If things feel a little droopy in New York, it ain’t just the heat -- it’s the Surrealists! The Guggenheim Museum is filled with symbolic phalluses, all castrated, deflated or stacked on skewers by Louise Bourgeois. Never has the spiral concrete womb so resembled a vast beehive, with queen Louise in its center.
Down at the Museum of Modern Art are Salvador Dali’s famous melting clocks and oystery self-portraits, well-known emblems of his own impotency, in "Dali: Painting and Film." It’s a great show, with the galleries converted into a series of spacious theater spaces for Dali’s movies: Un Chien andalou (1929), L’Âge d’or (1930), the dream-sequence clip from Alfred Hitchcock’s Spellbound (1944), Andy Warhol’s 1966 screen test.
Especially bizarre is the cartoon Destino (1946), a seven-minute-long Disney-Dali mashup that Dali did some fabulous drawings for, but that was only finished by the cartoon giant in 2003. Imagine Snow White dancing around a Dali landscape to an atonal symphony, and you pretty much got it. (As for press stills, there are none; no doubt Disney, famous for suing kindergartens for painting Mickey Mouse on their walls without permission, has some corporate policy against it.)

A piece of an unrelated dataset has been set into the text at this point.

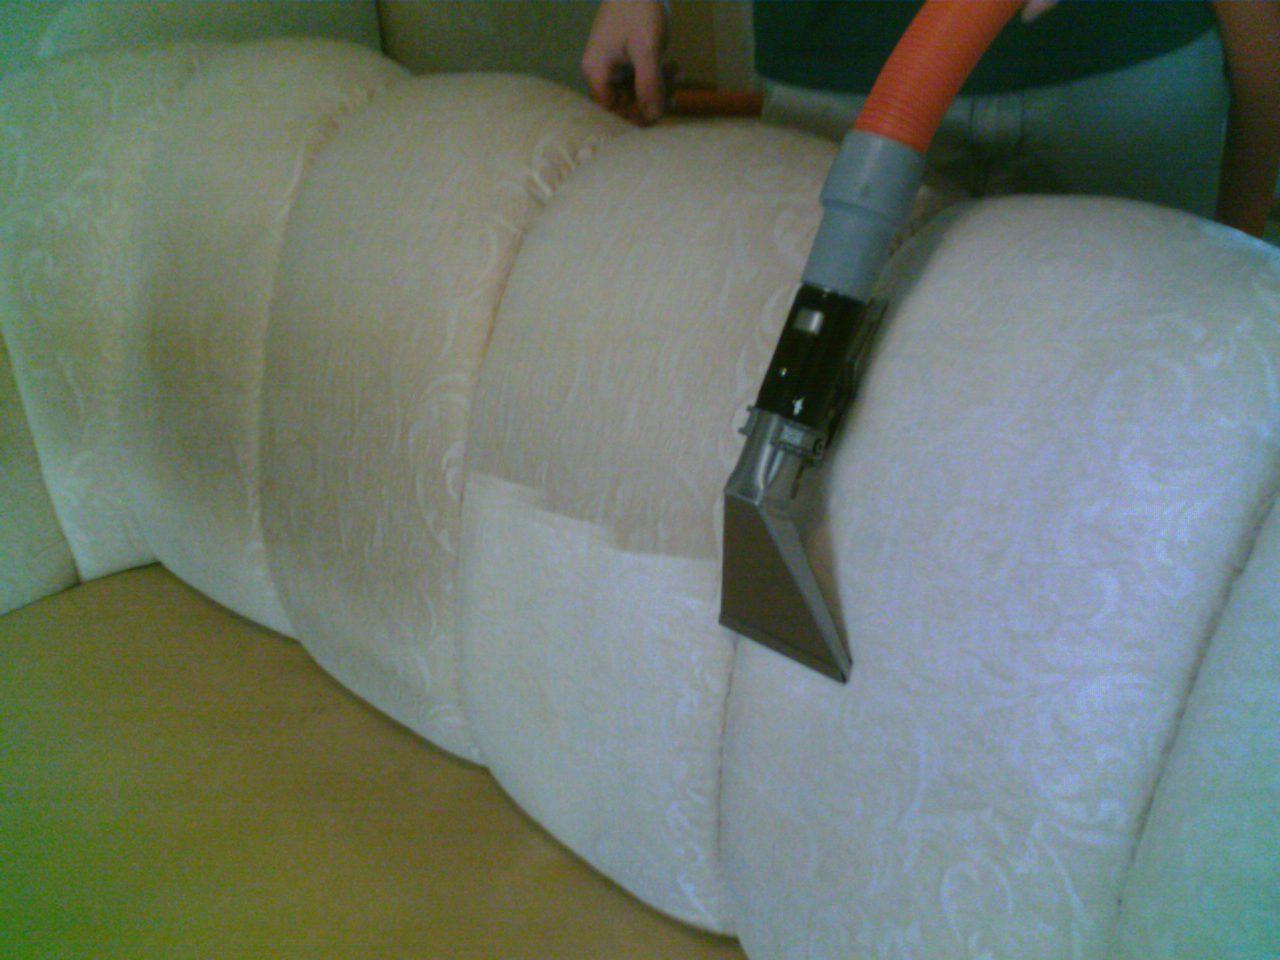 Как почистить диван в домашних условиях от грязи и запаха 49

Best of all is Dali’s Chaos and Creation (1960), a 17-minute-long black-and-white video made with Philippe Halsman as a televised greeting to an avant-garde conference. Like a demented Ed Sullivan, Dali presents an easel holding a Piet Mondrian painting, which dissolves into an actual pigsty, with real pigs in one square, a model in an evening gown in another and a motorcycle in a third. Paging Aaron Young!
At the press preview, the Dali scholar Frédérique Camille Joseph-Lowery, who is organizing a show of Dali’s theater works for the Godwin-Ternbach Museum at Queens College in Flushing, pointed out that Dali himself didn’t use the Catalonian acute accent over the "i" in his name -- and so neither will we. What a relief.